Block's Goose agent plus Qwen3-coder: testing the free Claude Code alternative
Block's open-source Goose agent, paired with Alibaba's Qwen3-coder model running on Ollama, is positioning itself as a viable alternative to Claude Code. The appeal is straightforward: no cloud dependencies, no subscription costs, runs entirely on local hardware.
What's actually happening here
Goose functions as an autonomous developer agent - planning tasks, executing code operations, and iterating through an agent loop. The critical technical requirement is tool calling: the model's ability to execute file operations and commands. Qwen3-coder supports this even at 8B parameters with 4-bit quantization, a notably compact configuration.
The architecture matters. Qwen3-coder-Flash uses 32 query attention heads and 4 key-value attention heads per layer, optimized for speed. Benchmark performance puts it competitive with larger models - it scored 31.3 on terminal benchmarks, comparable to models several times its size.
The fine print
This isn't turnkey. GitHub issue #6883 documents that Qwen3-coder fails tool execution when using Goose's full default extension set (11 tools). The stack works in controlled scenarios but shows brittleness at the edges.
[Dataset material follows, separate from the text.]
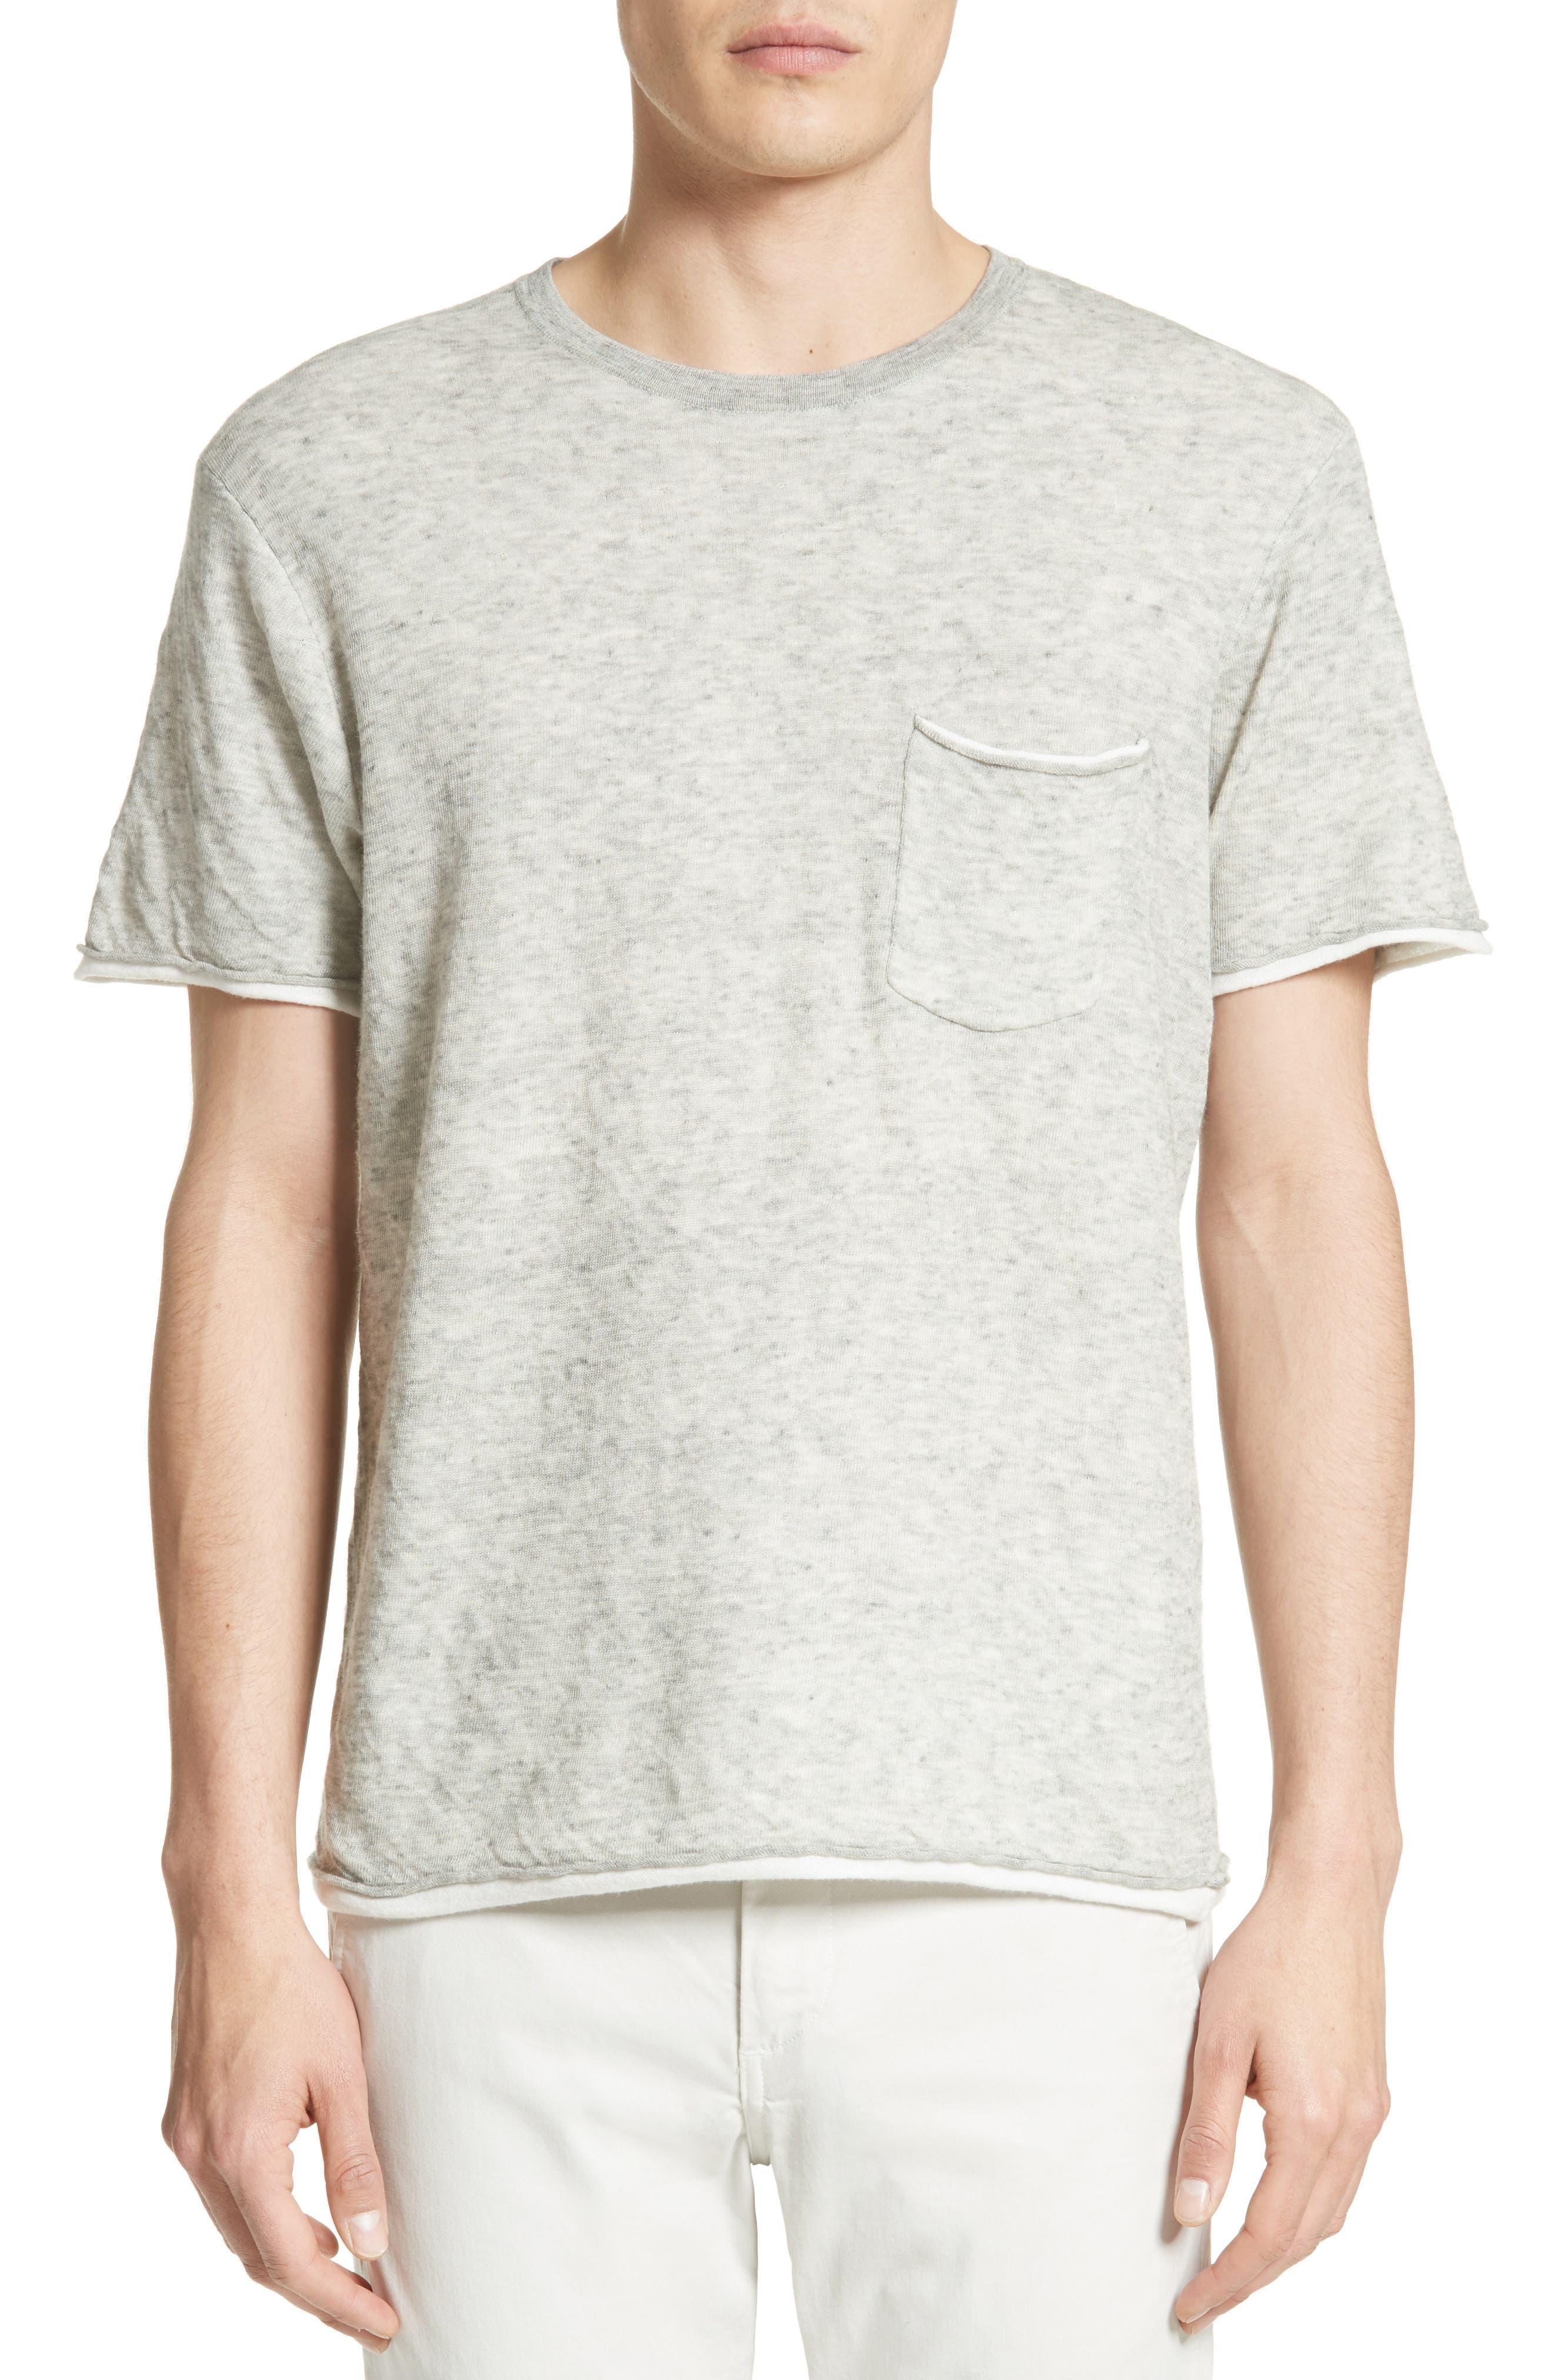 Tripp Cotton & Wool T-Shirt,                             Main thumbnail 1, color,                             068

Setup requires technical competence: installing Ollama, configuring the model, pointing Goose at the right endpoints. For developers comfortable with CLI tools, this is straightforward. For teams expecting GitHub Copilot's plug-and-play experience, it's friction.
Why this matters for APAC enterprise
Three trends converging: Chinese AI models gaining developer adoption in competitive markets, open-source infrastructure eliminating recurring costs, and growing enterprise interest in locally-deployed coding agents for data sovereignty.
The technical viability of running comparable AI coding capabilities locally changes the economics of coding assistant procurement. CTOs evaluating vendor lock-in against total cost of ownership now have a third option: build it yourself with open components.
What we're watching
Whether this stack handles multi-repository enterprise codebases. Whether tool calling limitations scale with complexity. Whether the gap between "works in demos" and "ships production code" closes or widens.
The vendor says it works. We'll see.